O Pacto Global é uma iniciativa desenvolvida pelo ex-secretário-geral da ONU, Kofi Annan, com o objetivo de mobilizar a comunidade empresarial internacional para a adoção, em suas práticas de negócios, de valores fundamentais e internacionalmente aceitos nas áreas de direitos humanos, relações de trabalho, meio ambiente e combate à corrupção refletidos em 10 princípios.

Essa iniciativa conta com a participação de agências das Nações Unidas, empresas, sindicatos, organizações não-governamentais e demais parceiros necessários para a construção de um mercado global mais inclusivo e igualitário.

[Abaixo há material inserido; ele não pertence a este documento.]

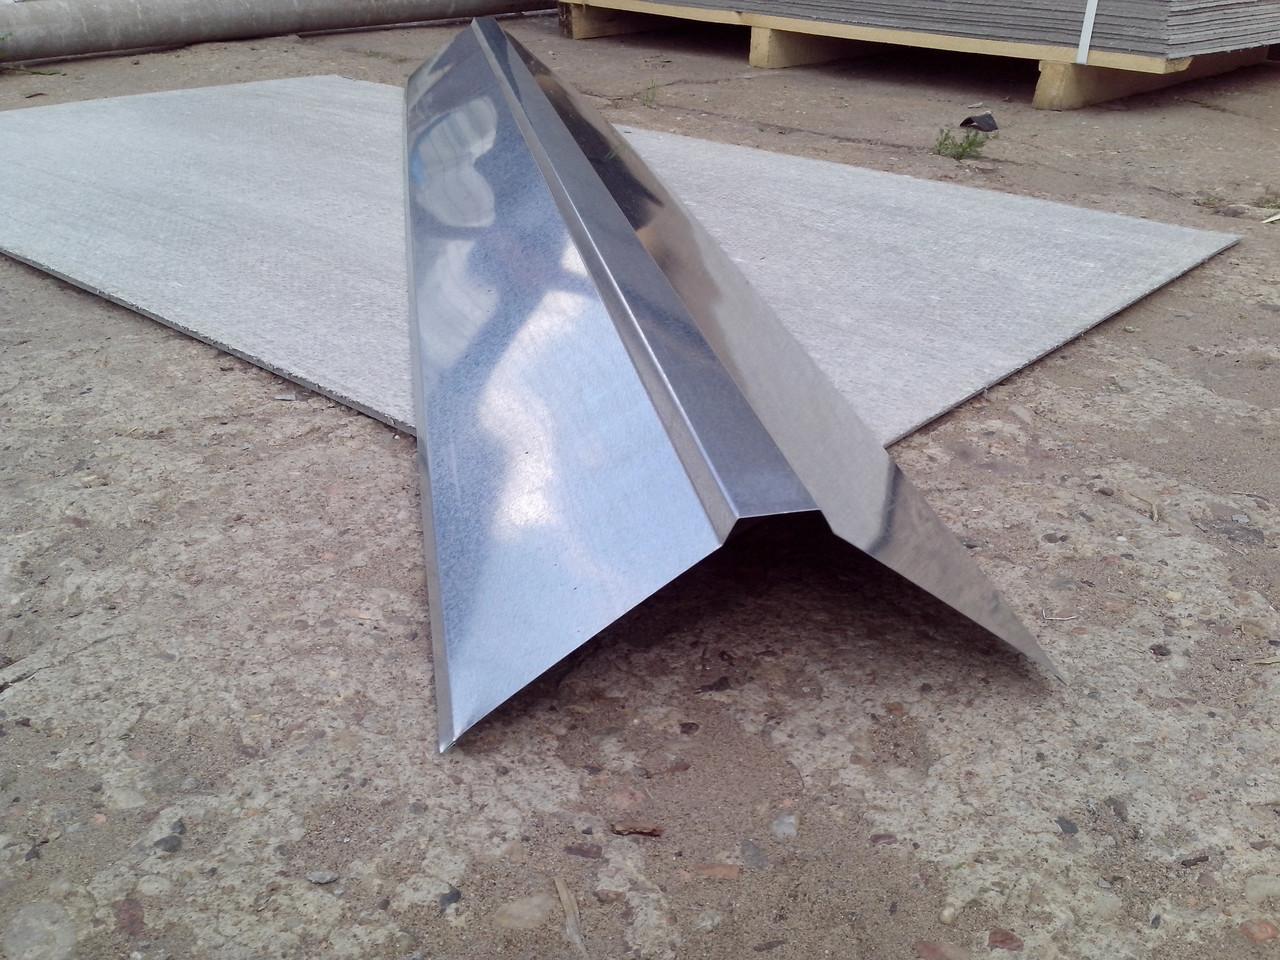 Планка конька малая Конек для крыши цинковый.толщина 0,4 - ПрофLux в Днепре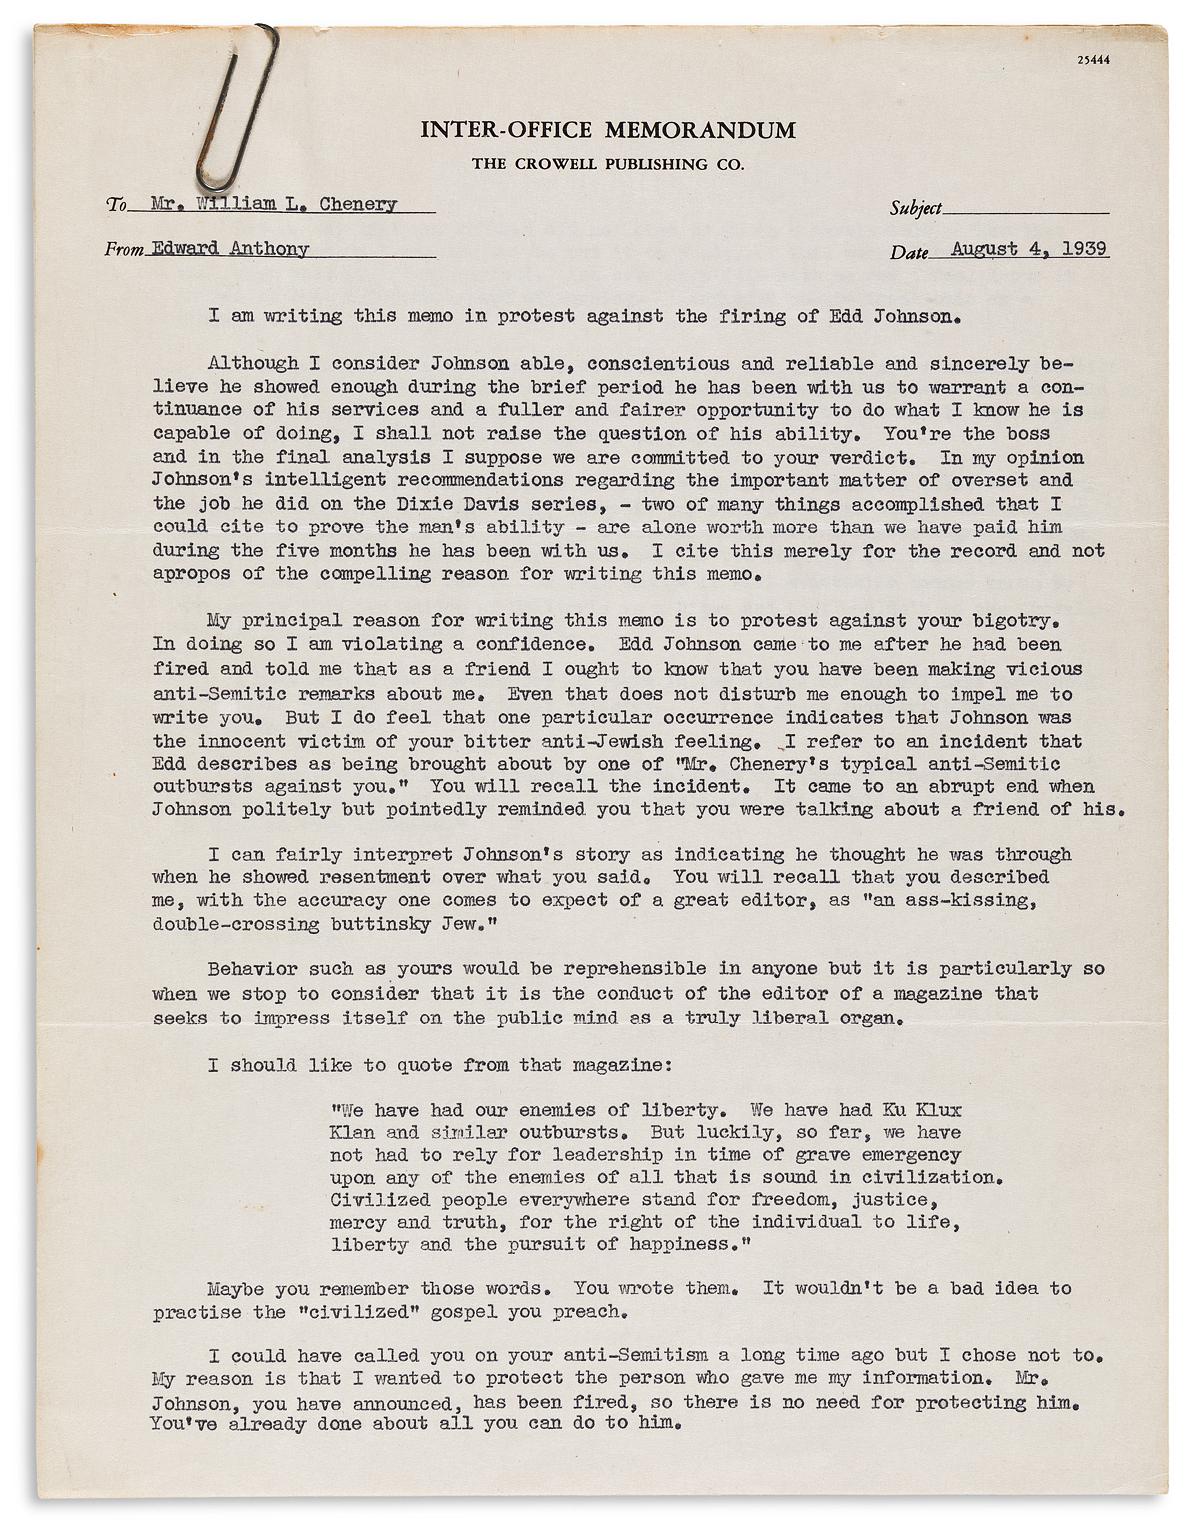 (PUBLISHING)-Personal-correspondence-of-Edward-Anthony-publi

A rede brasileira do Pacto é uma das maiores do mundo, com 700 signatários. “Estamos muito confiantes de que esse momento histórico de transição vai ser plenamente factível, e o setor privado tem uma participação importante”, afirmou o presidente do Pacto Global no Brasil, André Oliveira.

Diretor jurídico da Basf na América do Sul, Oliveira afirma que os integrantes da rede estão “totalmente engajados” nos ODS, sendo que 60% são empresas de grande porte como Bradesco, Itaú e Vale.

“É um desafio grande para a sociedade (os objetivos), mas também uma oportunidade ímpar. Acho que se nós conseguirmos conectar todos os interlocutores – governo, empresas e a sociedade civil – temos uma oportunidade única de transformar o mundo que nós vemos”, considerou.